Road users’ safety has become an issue of paramount importance because, between 2007 and 2011, the State witnessed a total number of 1,82,911 accidents which claimed 19,605 innocent lives!

For the same period, the grievously injured stood at 1,27,344 while 88,764 persons accounted for minor injuries (table-1). Most accidents occur due to drivers’ carelessness affirms a highly placed Motor Vehicle Department (MVD) sources.

They believe it’s time the State embraced radar surveillance system (RSS) replacing the conventional method physical interventional method. Mani in his budget promises, RSS now covering five districts would get extended across the State from April.

However, surprising, as it would appear his budget is silent when it comes to the allocation of funds required for extending the facility to the remaining districts in the State. This being so, MVD sources dismiss it as yet another tall promise.

The State has a total of 1.75 lakh kilometer stretch road including National and State Highways as against 3000 traffic personnel including 500 motor vehicle inspectors to monitor the traffic. It’s here RSS gains significance.

This is of particularly so when the State has witnessed exponential growth in its vehicle population. In 2002-03, it’d a total number of 25.50 lakh vehicle units which by 2010-11 swelled to a staggering 60.72 lakhs registering 245 per cent growth!

“So, the conventional method of physical intervention has become a humanly impossible task. But, we would need a minimum Rs 200 crore to bring the State roads under the RSS ambit,” MVD sources revealed.

According to them, implementation of RSS in the 7500-kilometer stretch roads in the National and State Highways would do the trick. “It’s not necessary that all our roads should be brought under RSS,” sources pointed out.

That’s because MVD studies have revealed that it’s the highways which account for the maximum traffic volume in comparison to the number of accidents occurring on them and the rural roads.

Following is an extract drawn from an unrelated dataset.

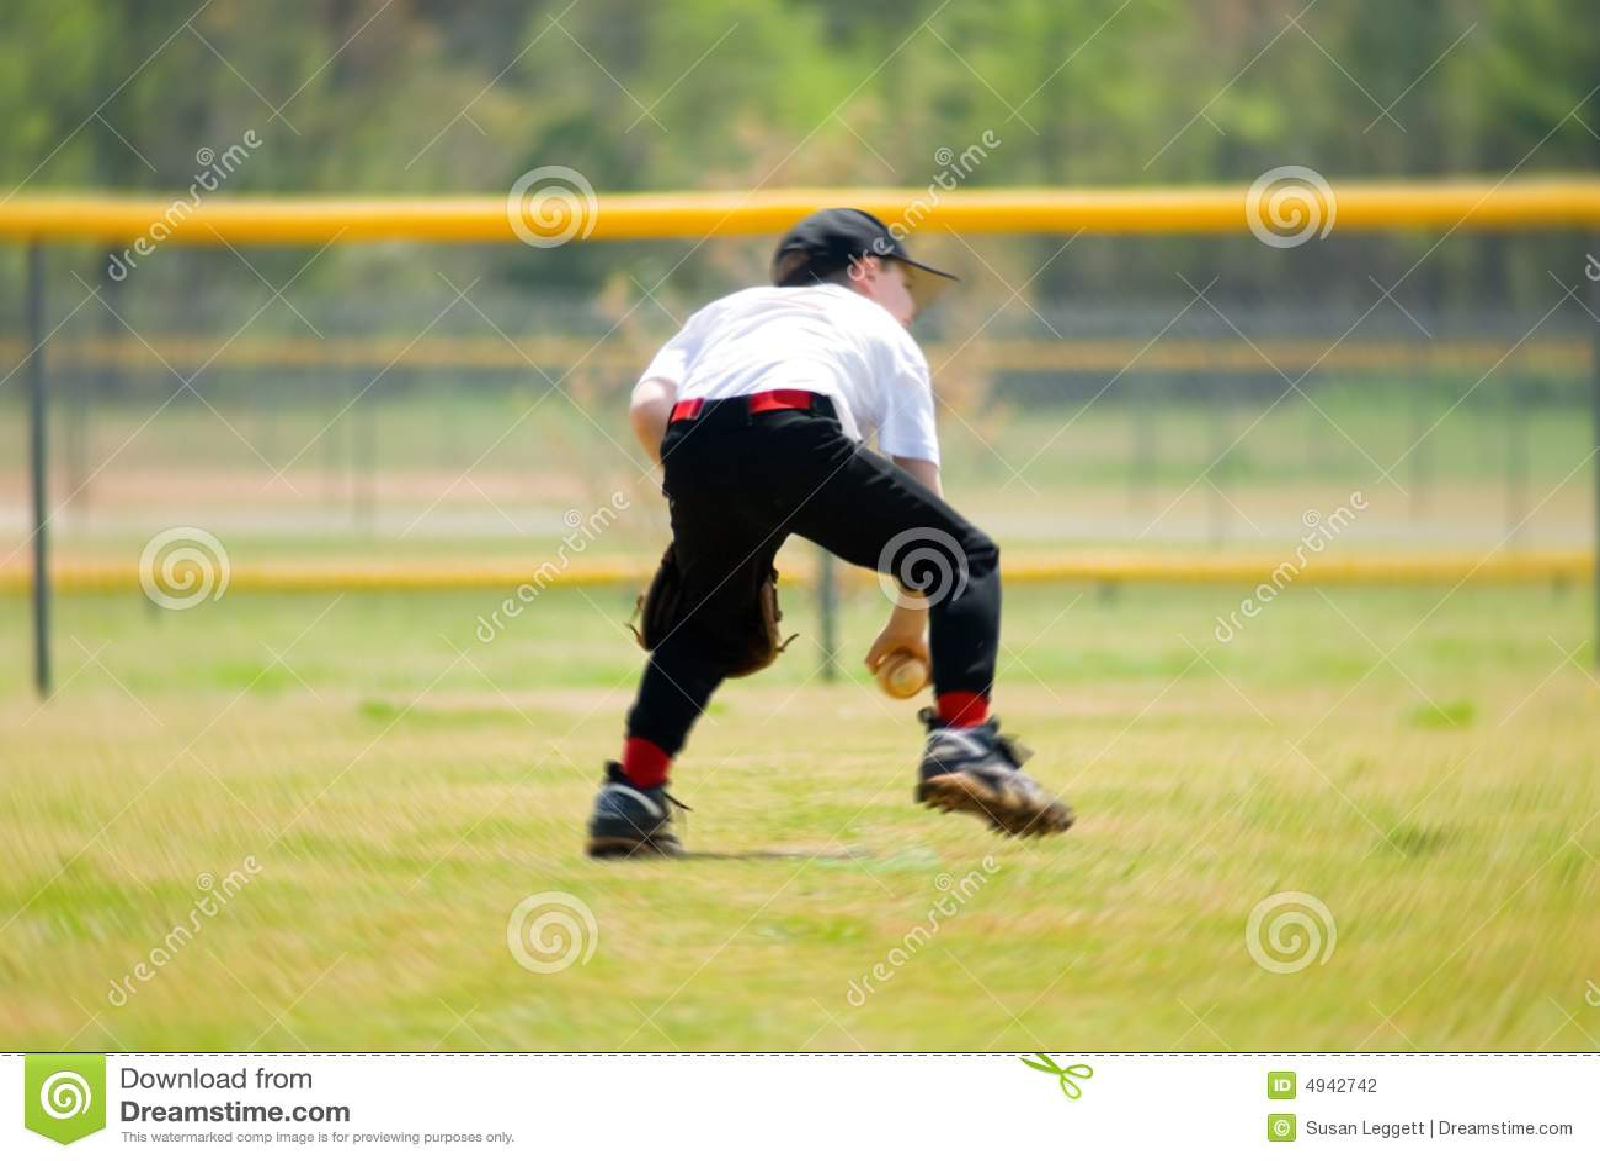 Catching Ground Ball/Blur

“Highway accidents are 7 to 8 times higher than the State average,” sources said. MVD now plans to extend RSS facility to Mannuthy from Aroor before taking up Kovalam-Kollam, Pamba-Vadasserikkara and Erumeli-Chalakkayam highways.

“We also want to take up Thodupuzha-Moovattupuzha-Angamaly stretch for radar surveillance soon. To speed up their implementation, besides the Central government assistance, the State should’ve also made some allocation,” sources said.

The Rs 200-crore investment required for RSS implementation is a very reasonable sum both from economic and humanitarian point of view, argue sources; especially when MVD had enriched government coffers by Rs 3843.01 crore between 2008 and 2012.

So, what does Mani’s budget contain for road users’ safety? Except for specific fund allocation, it talks about everything including setting up of Road Safety Authority (RSA), district-level Accident Review Committees (ARC) and introduction of a post-graduate course in road safety!

Thus it proves politicians often don’t wake up to harsh realities. But, one good aspect is that road users have already started taking adequate precautions. This is evident from the fact fines being collected by MVD for violation of traffic rules is on the decline.

If MVD revenue by way of fines stood at Rs 24.44 crore during 2008-09, it peaked to touch Rs 40.49 crore during 2010-11. However, for the year 2011-12, MVD had to be contented with an
all-time low of Rs 15.81 crore. (table-2)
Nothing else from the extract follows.